'Technological revolution': DALL-E inspires biotech labs to invent new drugs

Researchers anticipate that text-to-image-like AI models of biology will eventually result in the creation of more potent medications.
Baba Tamim
Development and research of new drugs
Development and research of new drugs


Text-to-image AI model technology like OpenAI's DALL-E 2 has caused a stir in biotech labs, which are increasingly adopting generative AI, called a diffusion model, to create new medicine. 

Programs using diffusion models to more precisely develop designs for new proteins have been independently announced by two labs, according to a report by MIT Technology Review on Thursday. 

The Boston-based business Generate Biomedicines unveiled Chroma, which it refers to as the "DALL-E 2 of biology." The RoseTTAFold Diffusion program was created concurrently by a team at the University of Washington under the direction of biologist David Baker. 

"We're generating proteins with really no similarity to existing ones," said Brian Trippe, one of the co-inventors of RoseTTAFold. 

The tech labs announced the two powerful new generative models that can create on-demand novel proteins not found in nature. 

"We can discover in minutes what took evolution millions of years," said Gevorg Grigoryan, CEO of Generate Biomedicines.

It is possible to instruct these protein generators to create designs for proteins with particular characteristics, such as structure, size, or function. 

In essence, this enables the development of novel proteins that can be called upon to perform specific tasks.

"What is notable about this work is the generation of proteins according to desired constraints," said Ava Amini, a biophysicist at Microsoft Research in Cambridge, Massachusetts. 

Proteins as therapeutic interventions

Researchers anticipate that this will eventually result in the creation of fresh, more potent medications. 

A lot of the newest medications available today are protein-based since proteins are prime targets for drugs. 

The essential building elements of living systems are proteins. Living beings use them to digest food, tense muscles, sense light, activate the immune system, and many other things. They have a crucial play a crucial role in recovery from illnesses. 

But, the component list for drugs currently only includes natural proteins. The aim of protein creation is to add a virtually endless number of computer-designed proteins to that list.

"Nature uses proteins for essentially everything," said Grigoryan, "The promise that offers for therapeutic interventions is really immense."

There is nothing new about computational methods for designing proteins. 

However, prior methods were slow and not very effective in creating huge proteins or protein complexes—molecular machines made up of numerous proteins joined together. 

Protein production through diffusion models 

The diffusion models are neural networks that have been trained to filter out "noise"—random alterations contributed to the data—from their input. 

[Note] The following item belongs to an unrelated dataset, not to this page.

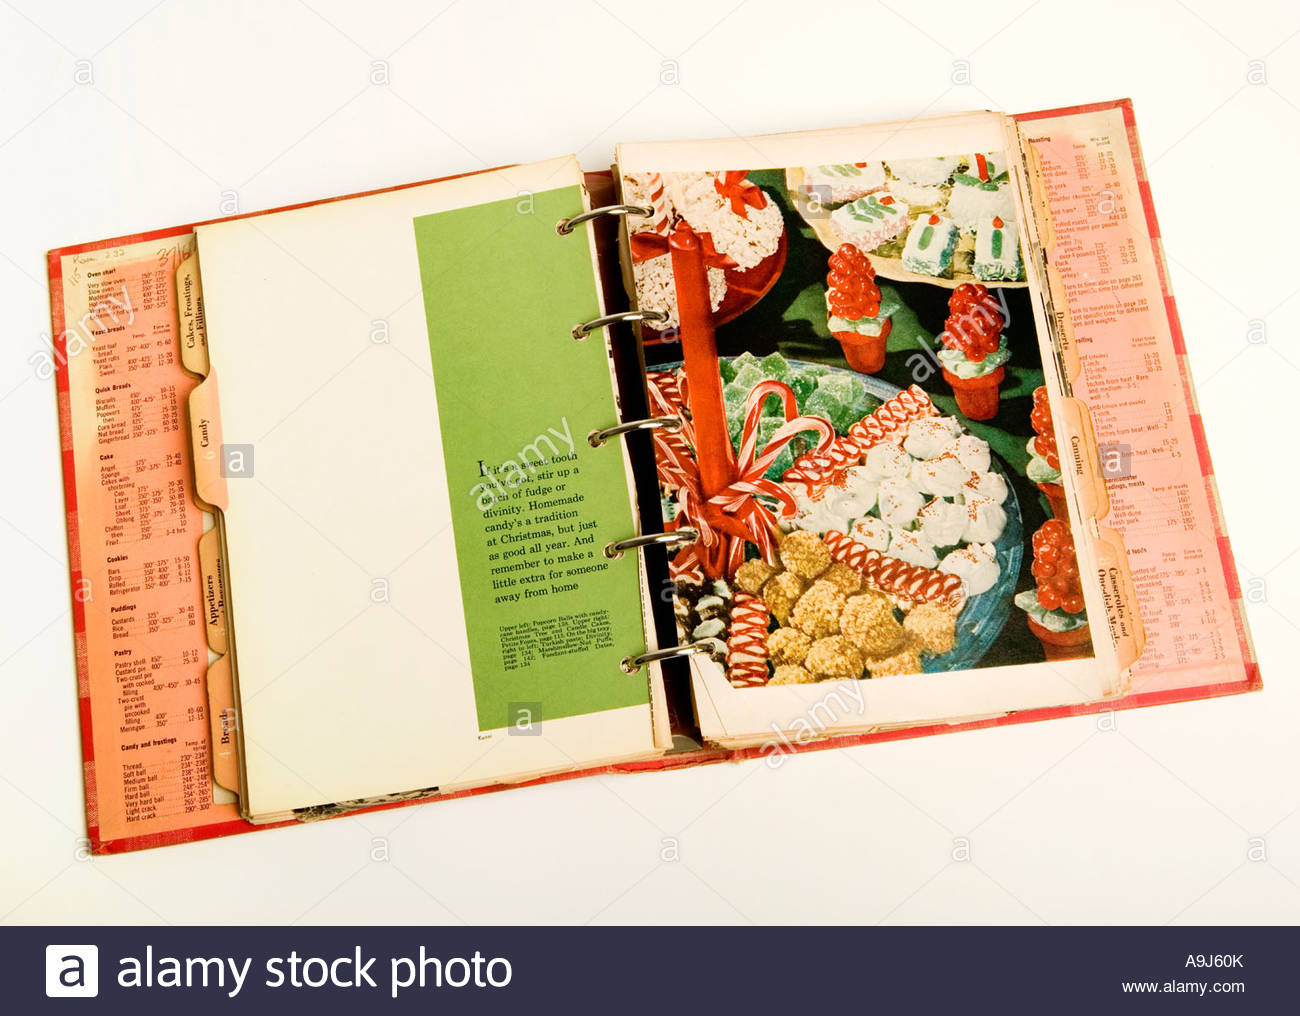 1950s recipe book - Stock Image
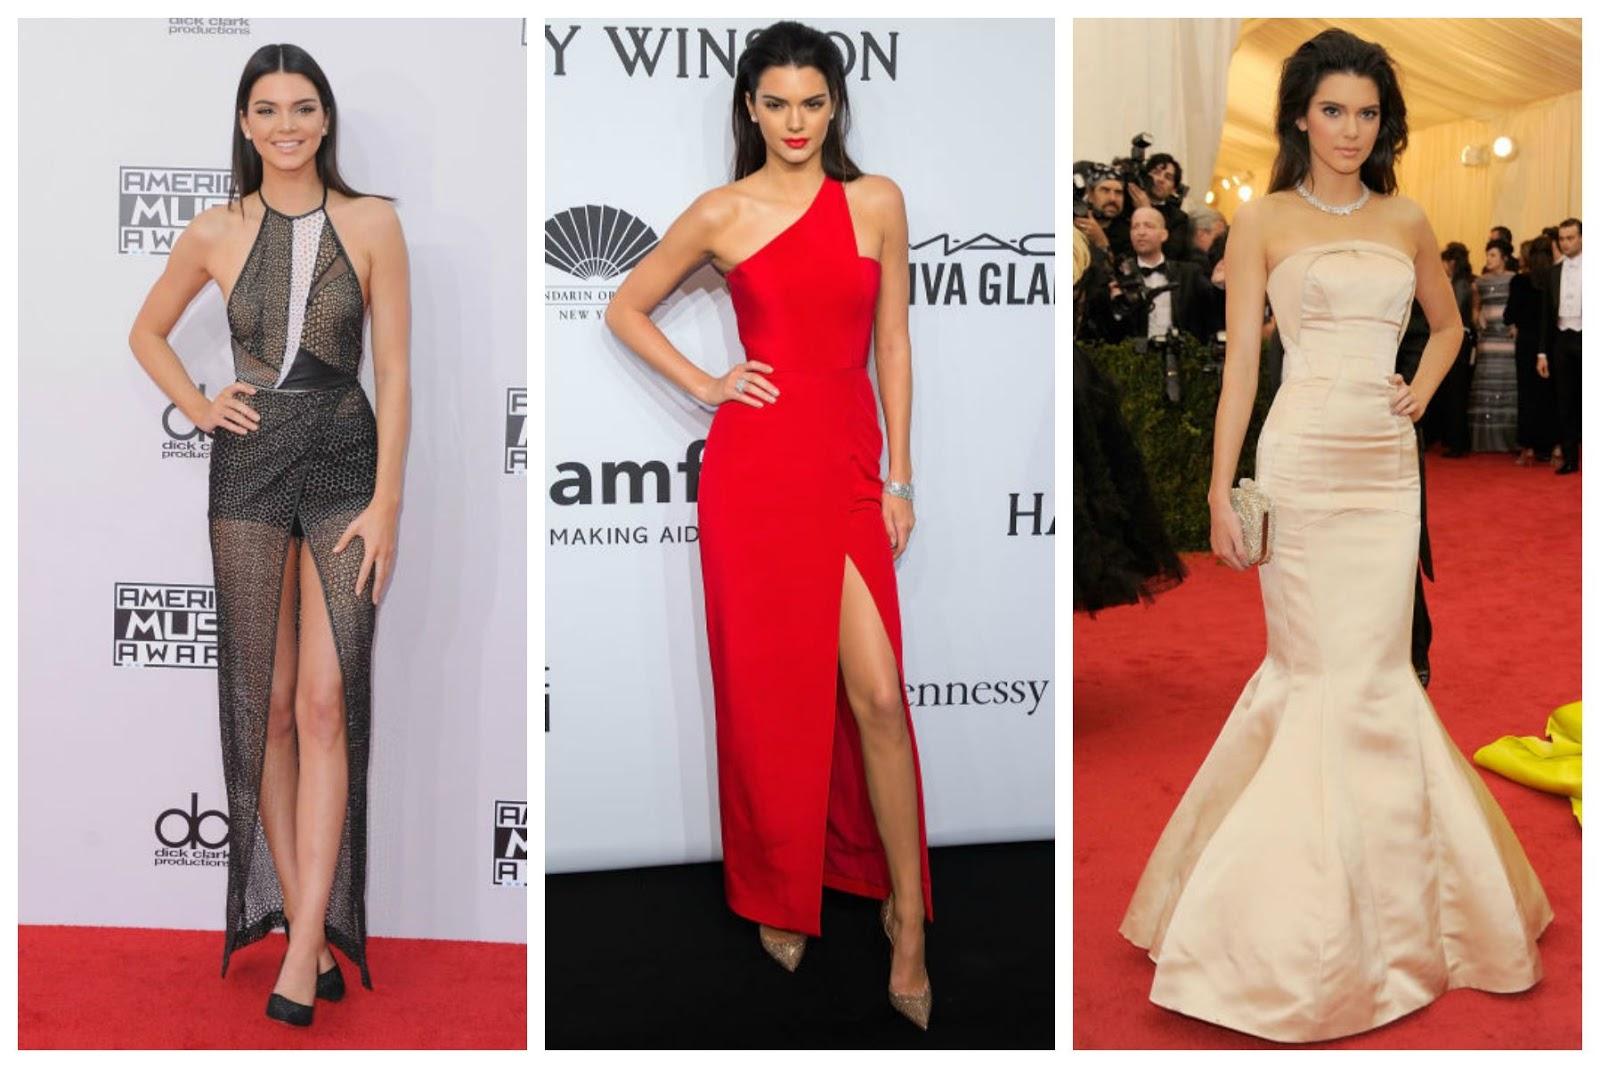 Estilo das Famosas - Kendall Jenner   Beleza em Cachos c8d4fa589b

A diffusion model will attempt to produce a recognizable image from a random collection of pixels.

These models have proved to be a promising technique in a few recent research by Amini and others, however, these were just proof-of-concept models.

Such studies served as a foundation for the first full-fledged programs, Chroma and RoseTTAFold Diffusion, which can generate exact designs for a wide range of proteins.

"It may be fair to say that this is more like DALL-E because of how they've scaled things up," said Namrata Anand, who co-developed one of the earliest diffusion models for protein production in May 2022. 

The major effectiveness of Chroma and RoseTTAFold Diffusion, in the opinion of Namrata Anand, is that they have scaled up the technique by training on more data and computers.

By separating the chains of amino acids that make up proteins, Chroma adds noise to its system. It then attempts to construct a protein from a random collection of these chains. 

Chroma can produce unique proteins with certain features while being guided by predetermined limitations on what the end product should look like.

Despite using a different strategy, Baker's squad achieves comparable outcomes. Its diffusion model begins with a structure that is considerably more disorganized. 

Another significant distinction is that RoseTTAFold Diffusion, unlike DeepMind's AlphaFold, uses data from a separate neural network that has been trained to predict protein structure to determine how the parts of a molecule fit together. 

This serves as the general process' guiding principle.

Creating novel proteins is just the beginning

The creation of novel proteins, according to Grigoryan, is just the beginning. "At the end of the day, what matters is whether we can make medicines that work or not," he said. 

Protein-based medications require mass production, laboratory testing, and finally, human testing. Several years may pass before it's good to use. 

But Grigoryan believes that his business and others will discover approaches to use AI to accelerate such phases as well.